Pay growth in the UK economy has softened to its weakest pace in seven months, raising the prospect of a slowdown on the consumer-driven growth that has been powering the British economy since the Brexit vote.

Figures from the Office for National Statistics how the rate of average rate of earnings growth slipped below the annual inflation rate for the first time in two years.

While inflation hit 2.3 per cent in February, pay excluding bonuses rose just 2.2 per cent, said the ONS.

Here’s what UK economists make of the numbers.

James Smith at ING notes that despite still healthy employment growth, the February figures offer no “good news for consumers” as inflation will likely climb above 3 per cent later this year.

Having been fairly resilient in the latter half of 2016, firms appear to be moderating pay increases as rising input prices and economic uncertainty put pressure on overall costs. The latest Bank of England Agents survey suggests that wage growth is likely to stabilise around 2.2% during 2017.

For that reason, we expect the Bank of England to continue to “look through” rising inflation and focus instead on the uncertain growth outlook. We don’t anticipate any change in Bank rate before 2019.

Elizabeth Martins at HSCB highlights that despite the unemployment rate falling to the Bank of England’s “natural rate” of 4.5 per cent “there seems little sign of that translating into better pay growth”.

In a now familiar refrain, today’s labour market figures show a strong employment picture in conjunction with weak pay growth. The number of vacancies, as well continued signs of employment growth in the PMI surveys, point to the former continuing in the near term.

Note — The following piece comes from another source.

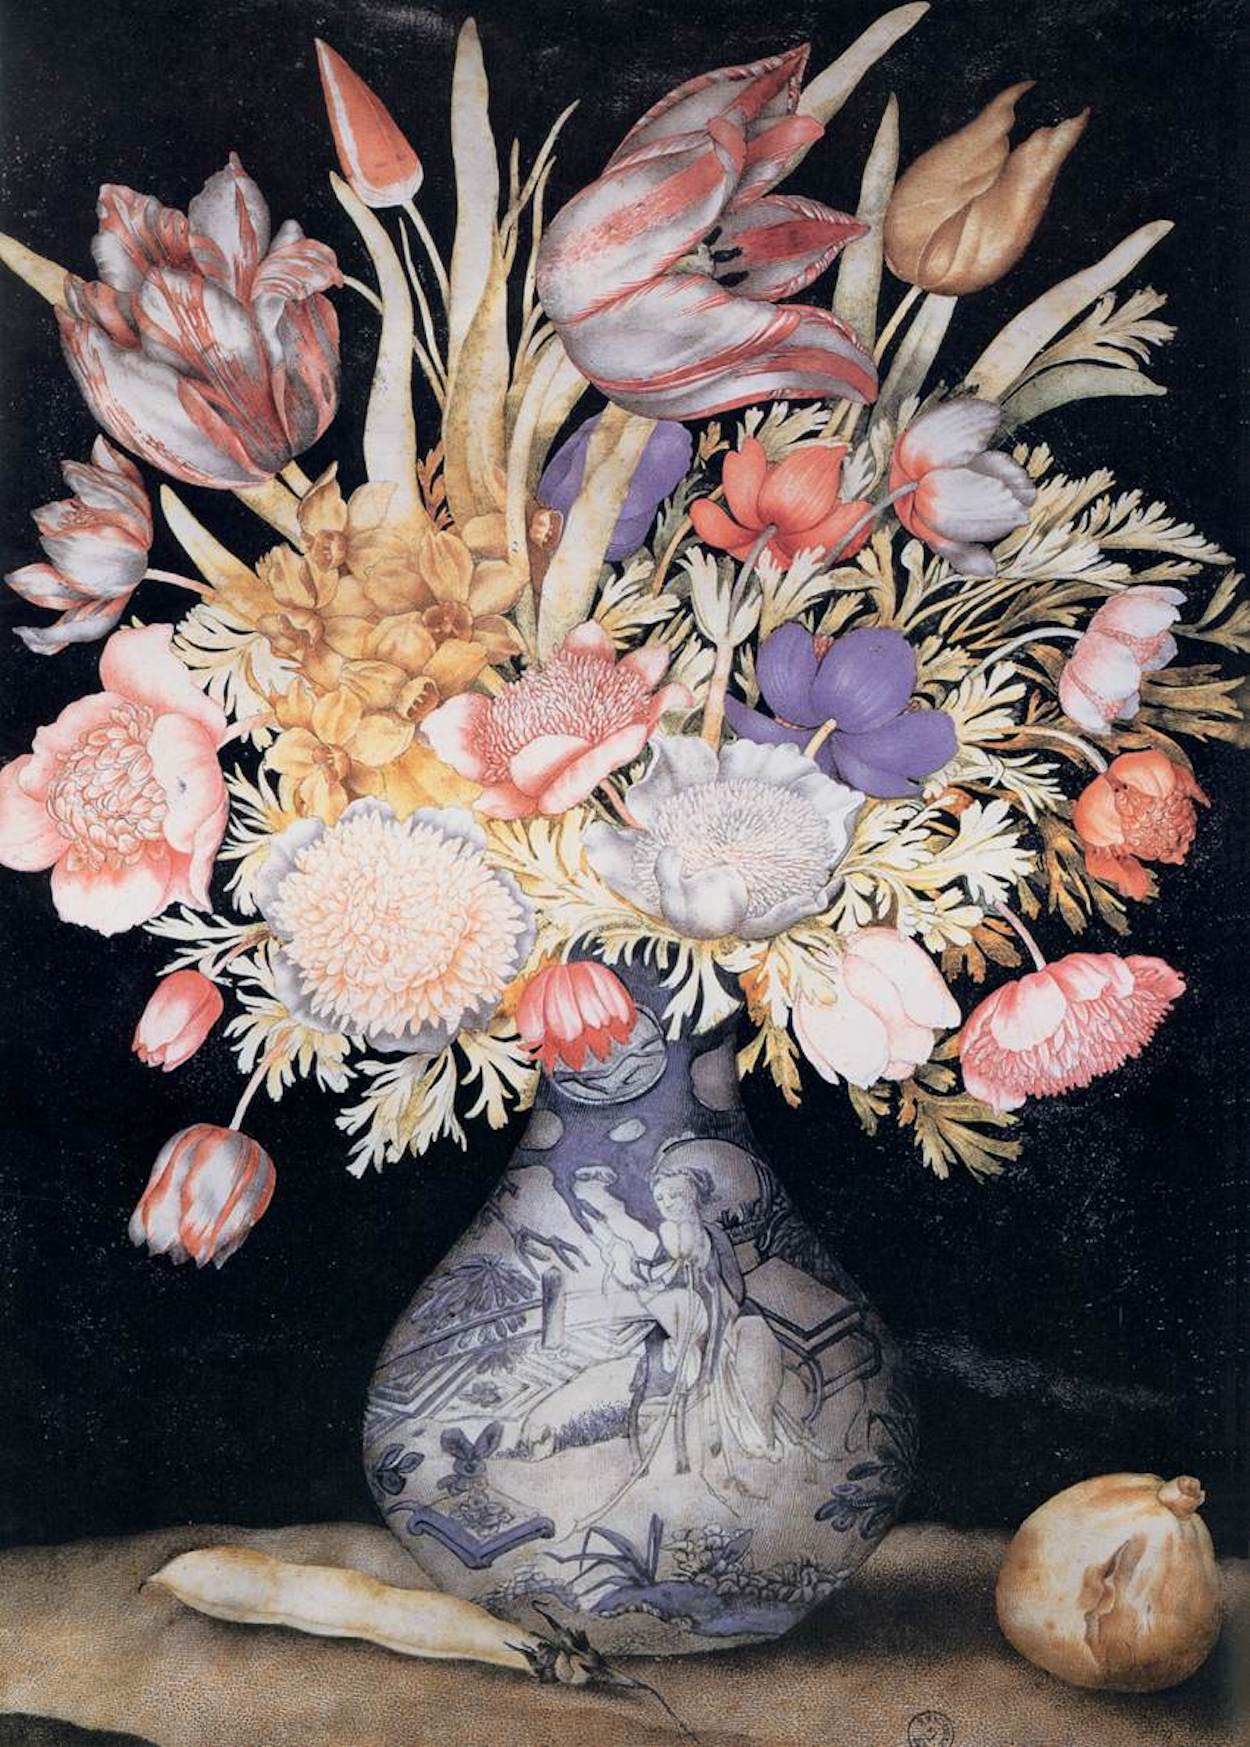 Vase chinois avec fleurs et fruits by Giovanna Garzoni - Vers 1641–1652 - 51 x 36.9 cm Galleria degli Uffizi

The BoE has specified that it would need to see pay growth picking up in order to move from a neutral to hawkish monetary policy stance. There is nothing in this data release, from our perspective, to trigger that condition

Despite the subdued earnings growth, Paul Hollingsworth at Capital Economics thinks the UK will not experience a consumer slowdown of the magnitude seen during the financial crisis this year.

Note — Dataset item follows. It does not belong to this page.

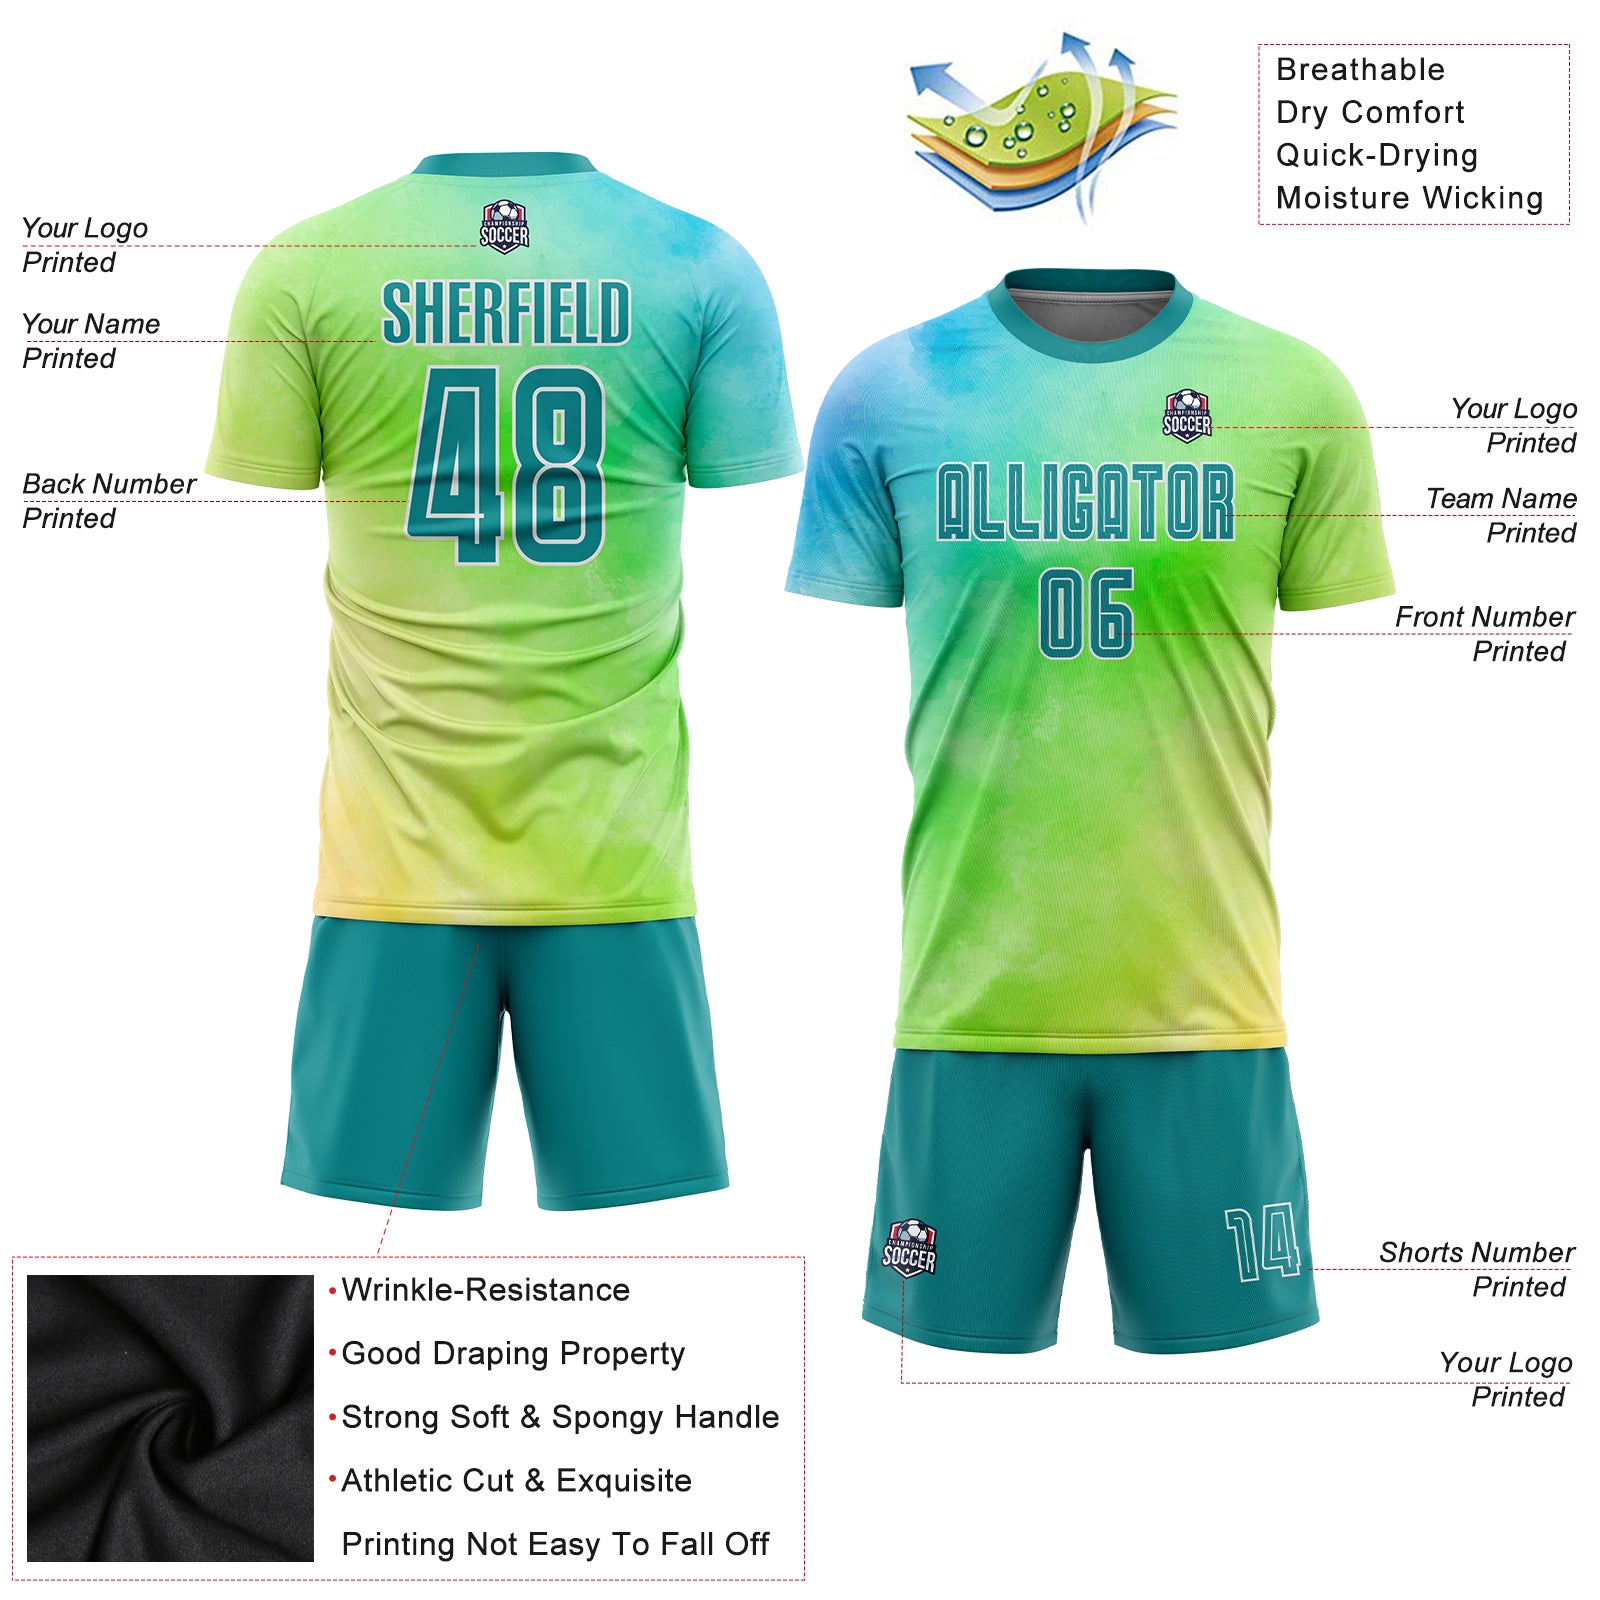 Custom Tie Dye Aqua-White Sublimation Soccer Uniform Jersey

He expects that the steadily falling unemployment rate – which is at a 12-year low – should push up wages:

Consumer spending should be supported by strong confidence, decent jobs growth and supportive credit conditions. As a result, we continue to expect spending growth to slow, rather than collapse.

Analysts at Fathom have a more gloomy take. They forecast that growth in the first quarter of the year has slipped from 0.7 per cent to 0.4 per cent, with overall 2017 expansion at just 1.1 per cent (the Bank of England thinks it will be 2 per cent):

As Brexit negotiations get underway and the UK’s economic growth is weaker than widely anticipated, we expect sterling to weaken further. Indeed, under our central scenario, we see it depreciating to 1.16 against the US dollar this year, falling toward 1.08 through 2018.

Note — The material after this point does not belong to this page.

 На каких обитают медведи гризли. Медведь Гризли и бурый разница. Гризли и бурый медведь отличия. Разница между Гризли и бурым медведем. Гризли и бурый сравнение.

Maike Currie, investment director at Fidelity stresses a “cocktail of concerns” revealed by recent economic data – including falling non-food retail sales and disappearing wage growth.

Data released this week show a cocktail of concerns for the British consumer: from a dramatic fall in non-food high street sales to a second month of the highest inflation in three years and disappearing wage growth.

“Households are starting to feel the squeeze of rising prices and stagnant earnings just as the Brexit talks kick off”, said Ms Currie.